Florida's Legislature approved a constitutional amendment for the November 3, 2026 ballot that raises the homestead exemption from $50,000 to $150,000 in 2027 and $250,000 in 2028, per the Florida Senate. What I tell relocating buyers is simple: if a Miami purchase will be your primary home, establish residency by December 31, 2026, because newcomers after that wait four years for the full benefit. Verify your homestead status before closing on any 2026 primary-residence deal.
Florida is doubling down on the low-tax pitch that has pulled buyers to Miami for a decade, and this week the move got real. The Florida Legislature approved a constitutional amendment that would raise the homestead exemption from $50,000 to $150,000 in 2027 and $250,000 in 2028, and it now heads to the November 3, 2026 ballot. The vote was 30 to 9 in the Senate and 75 to 26 in the House, per NBC Miami. The same measure lowers the annual assessed-value cap on non-homestead properties from 10 percent to 5 percent, which directly touches Miami investors and second-home owners. It still needs 60 percent voter approval to pass, so nothing changes on a tax bill yet, but the timing rules already matter for anyone buying in 2026. The true cost of ownership framework is where I start with every buyer weighing how this fits their numbers.
The thing I tell buyers about this measure is to treat the December 31, 2026 residency deadline as a hard date, not a footnote. I have watched out-of-state clients delay a primary-home purchase for tax-year reasons and then realize the four-year wait for newcomers cost them far more than they saved by waiting. If Miami is going to be your primary residence, establishing Florida residency before the deadline is the cheapest tax move on the table.
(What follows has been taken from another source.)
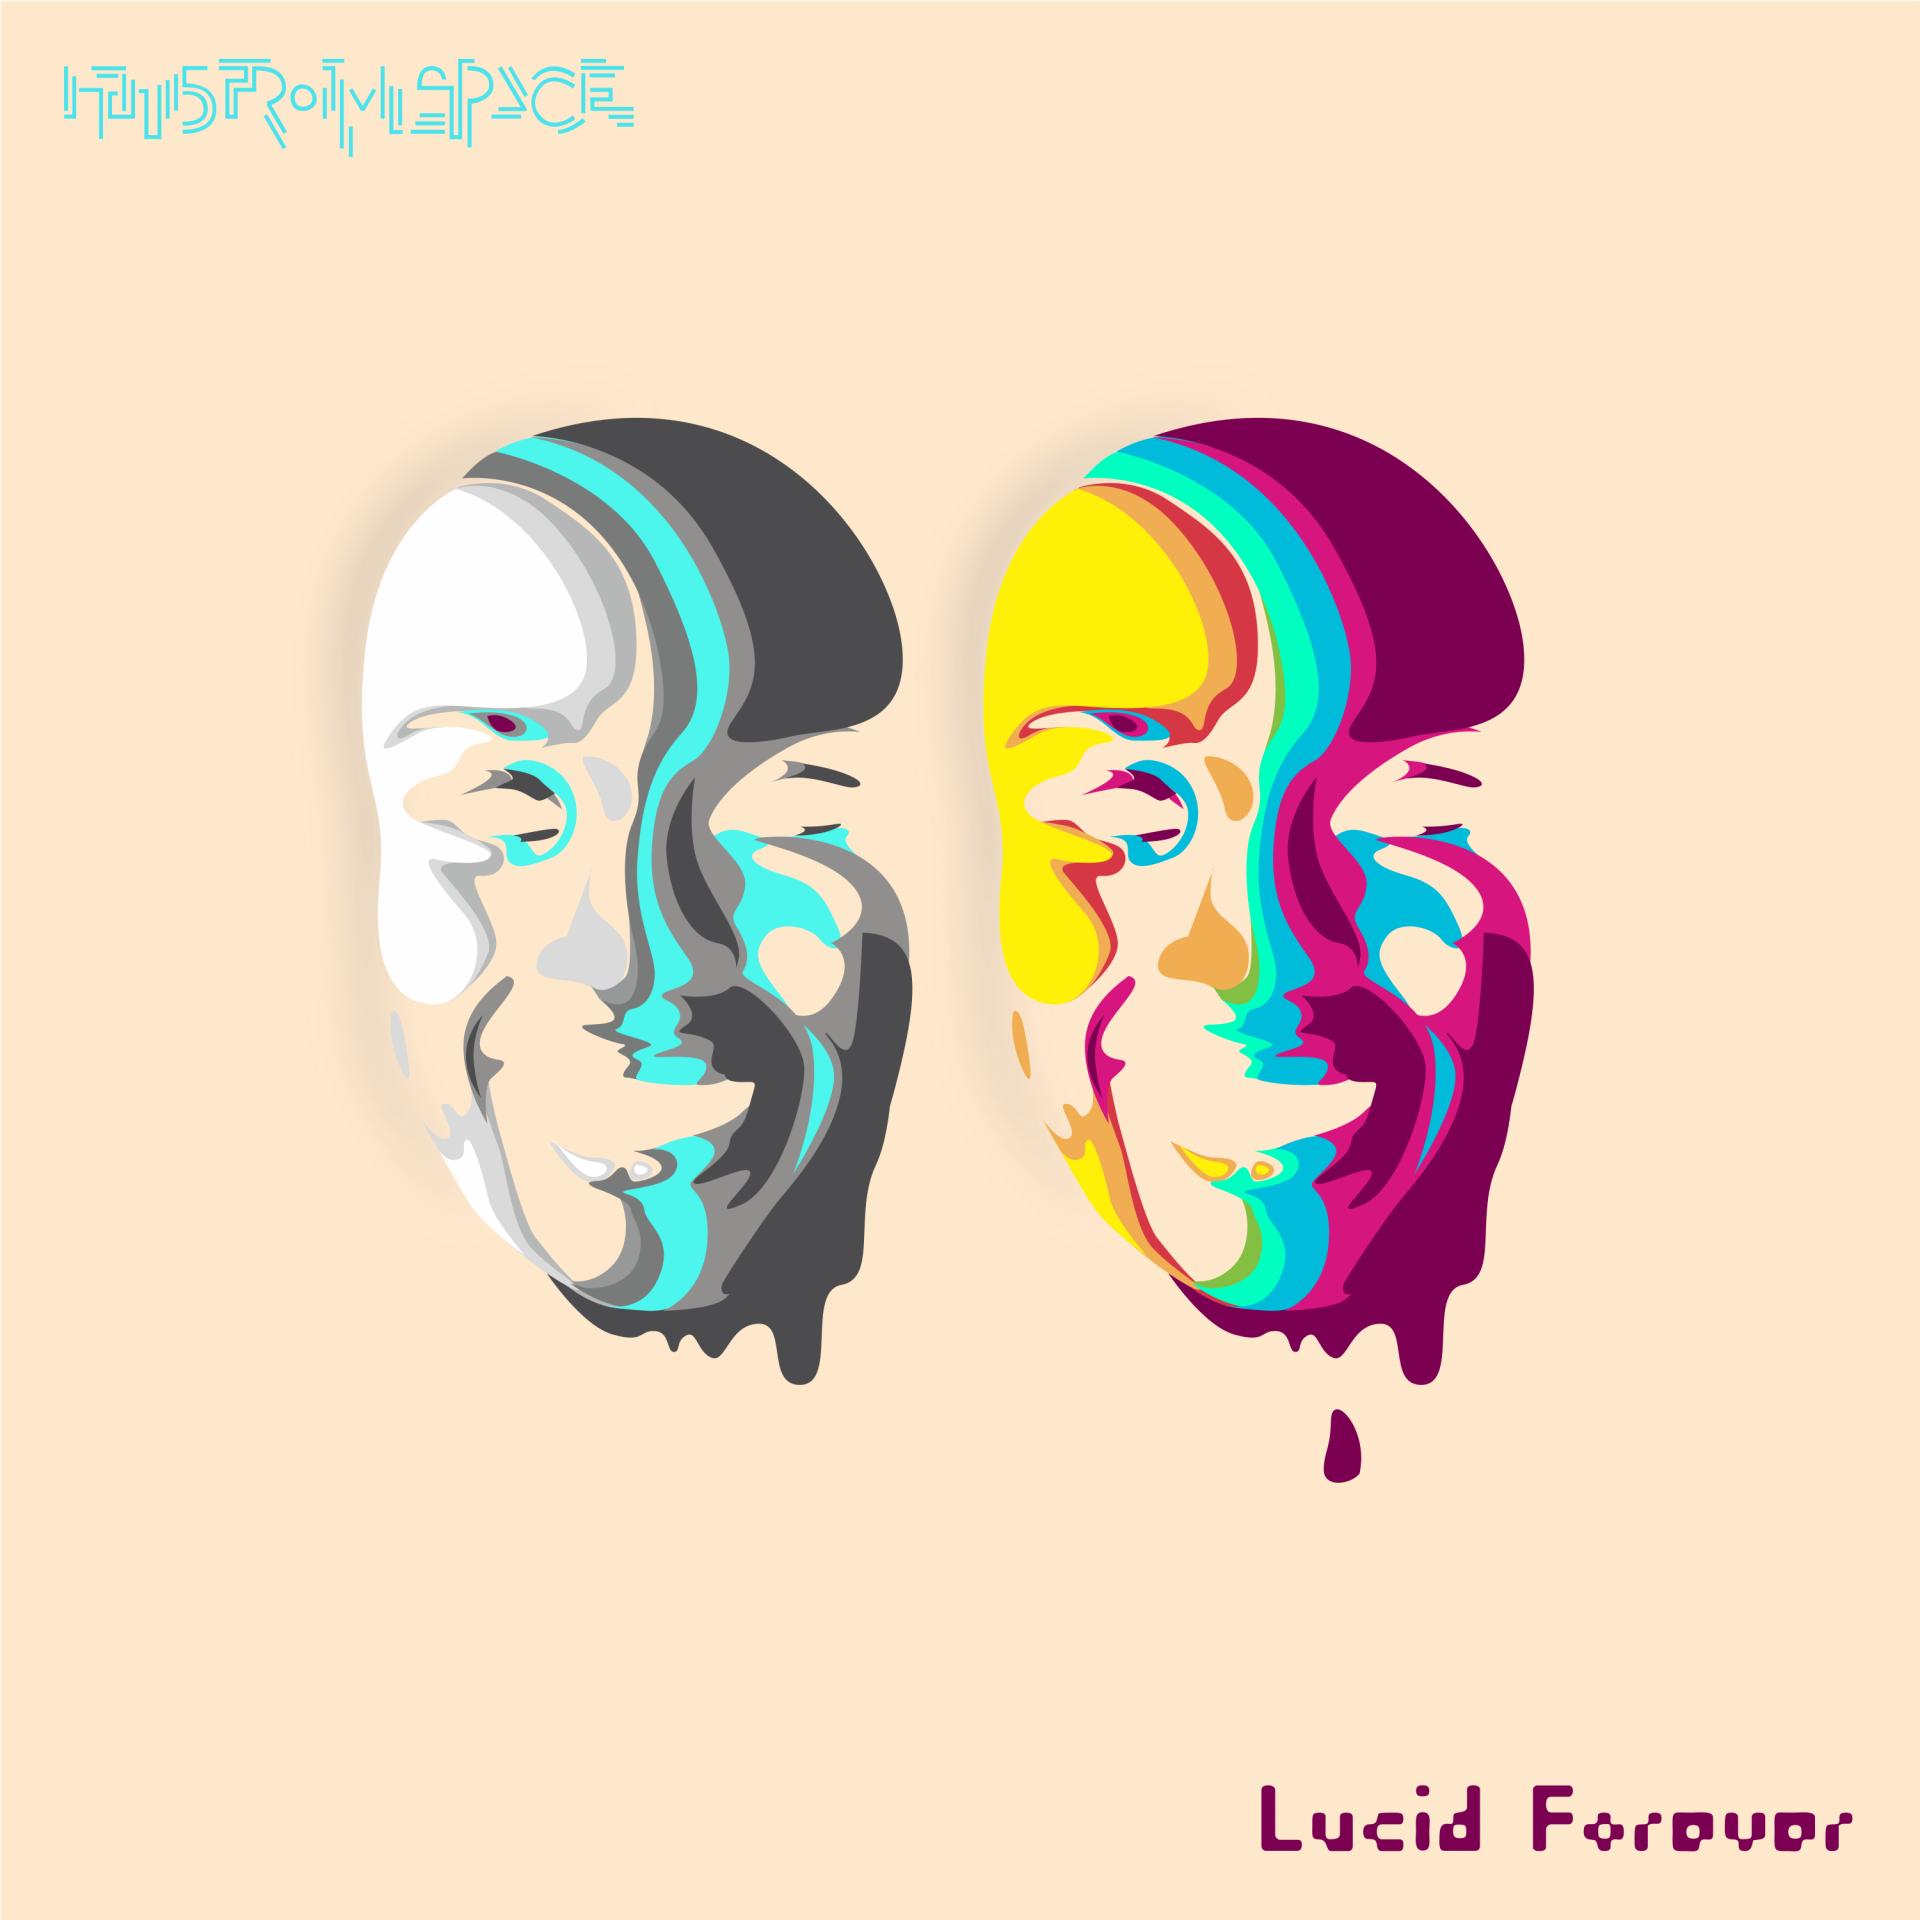 Lucid Forever Musik Album Cover von Hans From Space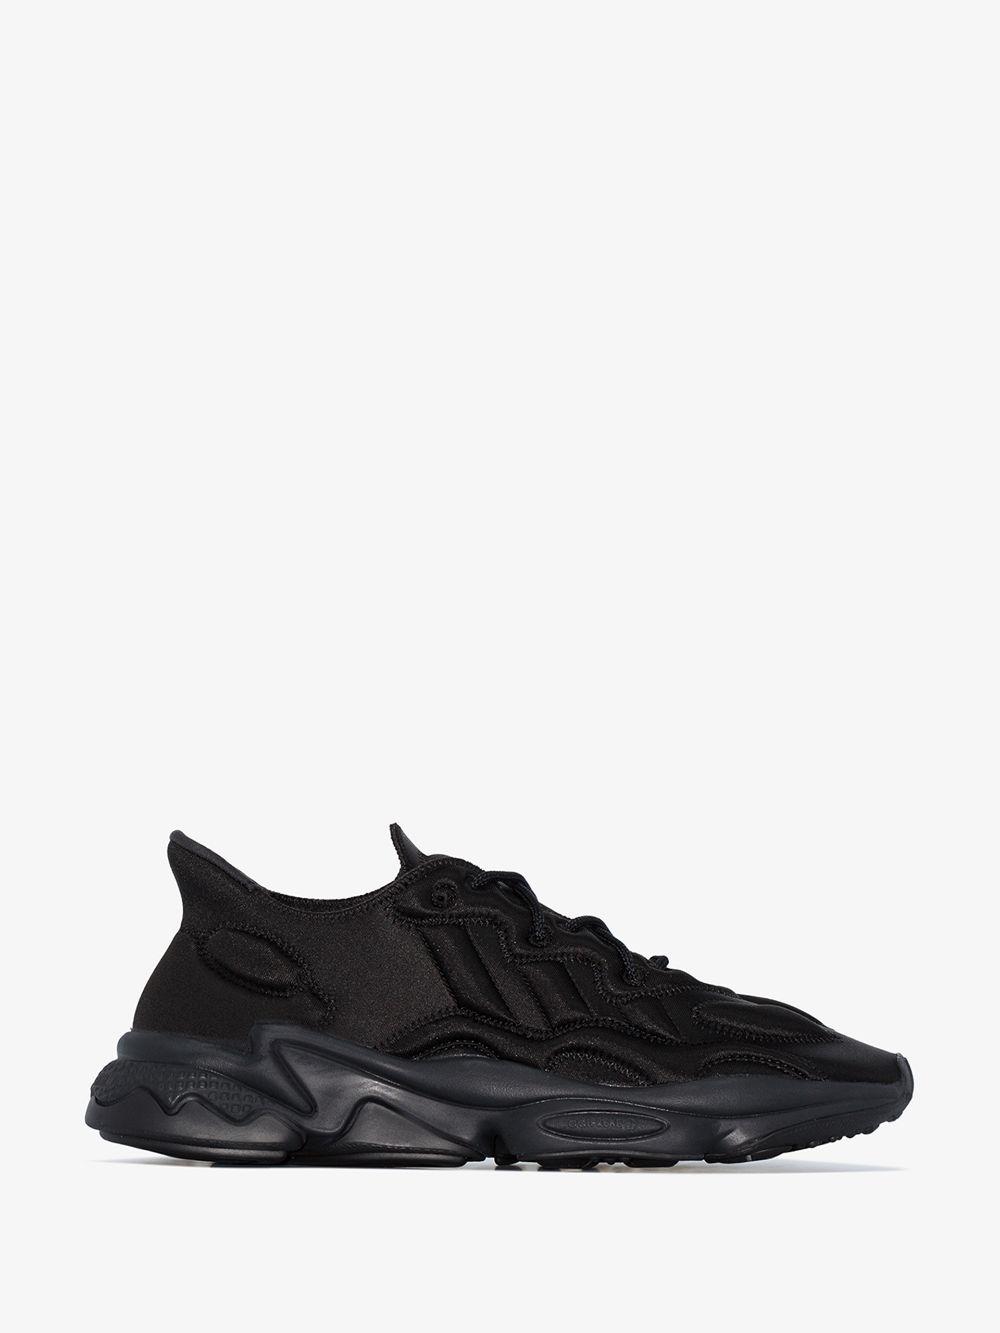 adidas Synthetic Ozweego 3d Lunar Mission Sneakers in Black | Lyst

What the Measure Actually Changes
The proposal does three separate things, and conflating them is where buyers get confused. First, it raises the homestead exemption on your primary residence in two steps: $150,000 in 2027 and $250,000 in 2028, up from $50,000 today. That exemption reduces the taxable value on the non-school portion of your bill, so the dollar savings depend on your local millage rate, not a flat number. Second, it lowers the annual assessed-value cap on non-homestead properties from 10 percent to 5 percent, a separate protection aimed at rentals, second homes, and investor-held condos. Third, it carves out school district taxes entirely, so school funding is not cut by the change. According to the Florida Senate, the amendment cleared both chambers in June 2026 and is now a ballot question, not law. Here is how the phase-in and eligibility rules line up:
| Provision | Today | 2027 | 2028 |
|---|---|---|---|
| Homestead exemption (primary residence) | $50,000 | $150,000 | $250,000 |
| Non-homestead annual assessment cap | 10% | 5% | 5% |
| School district tax impact | No change | No change | No change |
| Residency deadline for full benefit | Establish Florida primary residency by Dec 31, 2026 (newcomers after wait four years) | ||
Who Actually Benefits, and Who Does Not
This is the part where the headlines oversell it for our market. The expanded exemption is a real win for owner-occupiers, but it does nothing for investors, and a Miami luxury buyer needs to know which side of the line their purchase falls on. Here is how it breaks down across the buyer profiles I work with:
- Primary-residence buyers win the most: If you homestead the unit, the extra $200,000 of exemption by 2028 trims the non-school portion of your annual bill. On a $1 million primary home the savings are real but bounded, because the exemption is a fixed dollar amount, not a percentage, so it shrinks as a share of the bill the higher you climb in price.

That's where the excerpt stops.